I haven't posted here before but i used to raise pigeons previously and I recently came across an abandoned baby White-Winged Dove on the ground (I thought it was dead so i nudged it with my foot and lo and behold: very much alive). I took him in and have been feeding him Kaylees every few hours (as his crop empties) and I am starting to transition him to peas. I found him at roughly 12-14 days old I believe. He's been doing very well so far. Very loud, active, no issues.

My concern is how do I teach him to be wild and/or releasable? I'd love to keep him but I'm moving to a new apartment (with roommates) that doesn't allow birds, and I know White Winged Doves are generally illegal to have as pets. I try not to handle him beyond feeding but I don't know what to do beyond that. Is it possible for a dove of that age to imprint?


----------



## CBL (May 13, 2014)

It is possible to imprint and to secondarily imprint on humans but at that age, he knows he is a bird, so I would keep the contact, handling and visuals to a minimum and then as hes older, put in cage outside when u can so he sees other birds. Then when u know he is fully fledged and eating well on his own, you can try a soft release. Simply google that. Its just basically you releasing it and leaving food out for it until it no longer comes for food and or finds a mate.


----------



## Bella_F (Nov 29, 2008)

geckobat said:


> Hey
> 
> My concern is how do I teach him to be wild and/or releasable? I'd love to keep him but I'm moving to a new apartment (with roommates) that doesn't allow birds, and I know White Winged Doves are generally illegal to have as pets. I try not to handle him beyond feeding but I don't know what to do beyond that. Is it possible for a dove of that age to imprint?

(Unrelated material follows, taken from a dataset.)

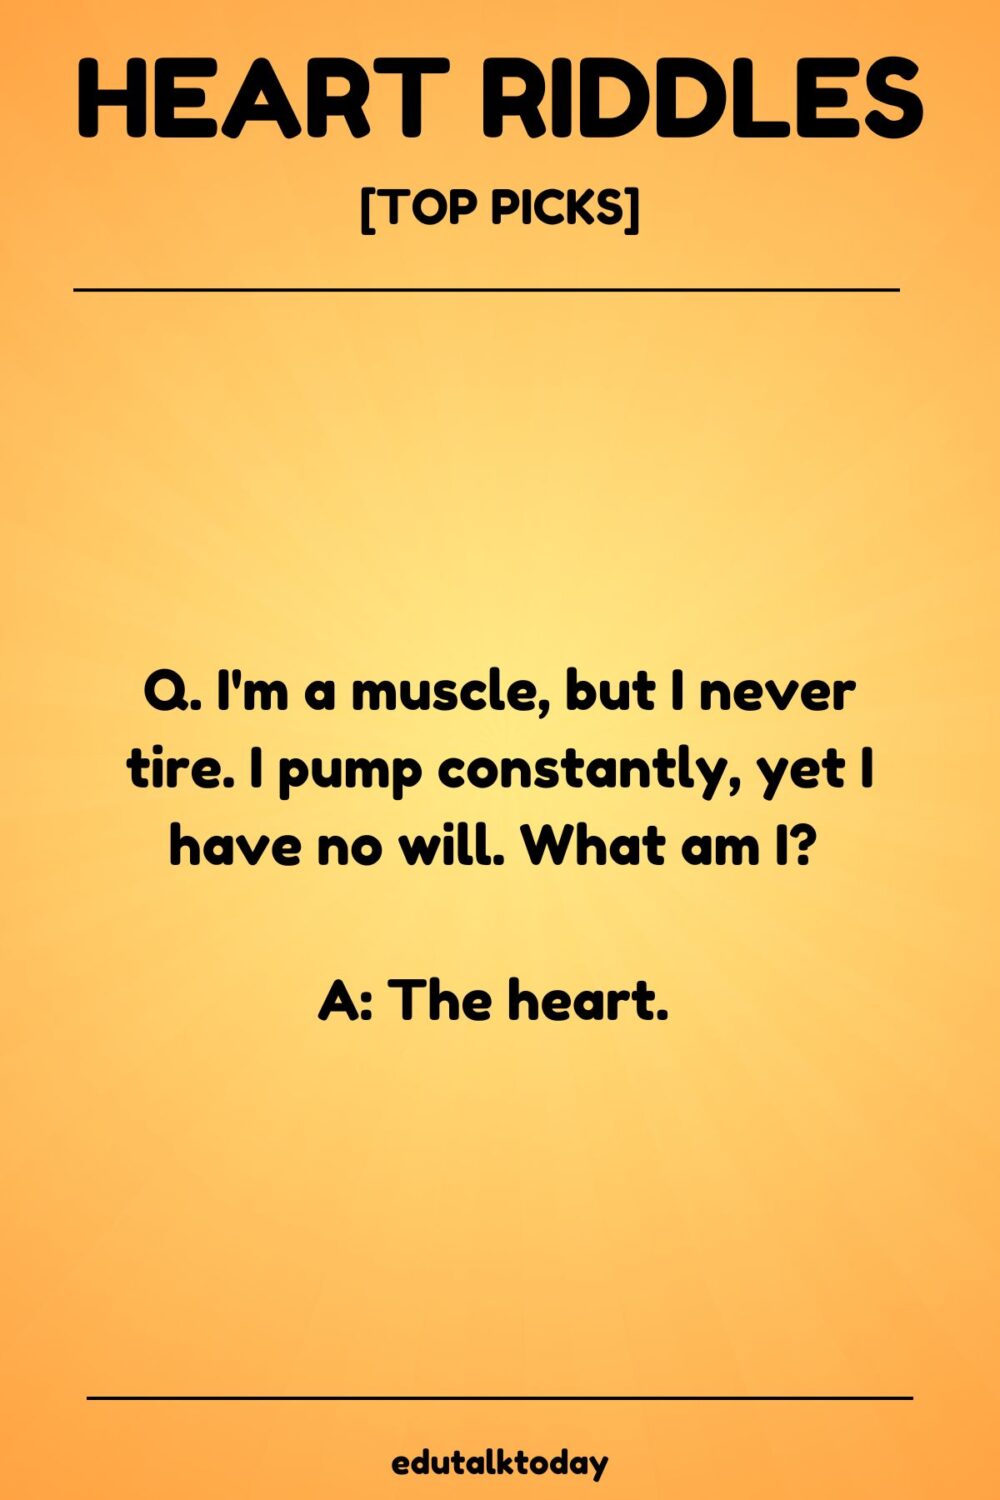 30 Heart Riddles with Answers

I found doves very different to raised baby feral pigeons so far. They are much more affectionate and fall in love with human companionship. My rescued dove will sit on my shoulder all day and purr (it actually purrs like a kitten) , if it can. They get very dependent on your love, and its not quite like impressing so much, its more about their nature as a bird. They are just beautiful.

Feral pigeons babies raised closely with humans do release very well, but doves not so much. All i can say is the pleasure of keeping a dove as your companion is well worth the problems. If you can somehow keep him, it will be better off, and so will you. They are a pleasure to have around.


----------



## spirit wings (Mar 29, 2008)

geckobat said:


> Hey
> 
> I haven't posted here before but i used to raise pigeons previously and I recently came across an abandoned baby White-Winged Dove on the ground (I thought it was dead so i nudged it with my foot and lo and behold: very much alive). I took him in and have been feeding him Kaylees every few hours (as his crop empties) and I am starting to transition him to peas. I found him at roughly 12-14 days old I believe. He's been doing very well so far. Very loud, active, no issues.
> 
> My concern is how do I teach him to be wild and/or releasable? I'd love to keep him but I'm moving to a new apartment (with roommates) that doesn't allow birds, and I know White Winged Doves are generally illegal to have as pets. I try not to handle him beyond feeding but I don't know what to do beyond that. Is it possible for a dove of that age to imprint?


Once he is eating seeds on his own, you can do a soft release, keep him in his cage outdoors for a week and then open the cage, keep the food in front of it, he will go off and come back to eat, leave it for a week or more then slowly Reduce the feed and then take up the cage and dish, he is on his own, he may be the one to leave first and at some point you may not see him. If you have a covers bird feeder that can help, and you may see him through the years if you feed rgularly, you just may not know which dove he is at that point.


----------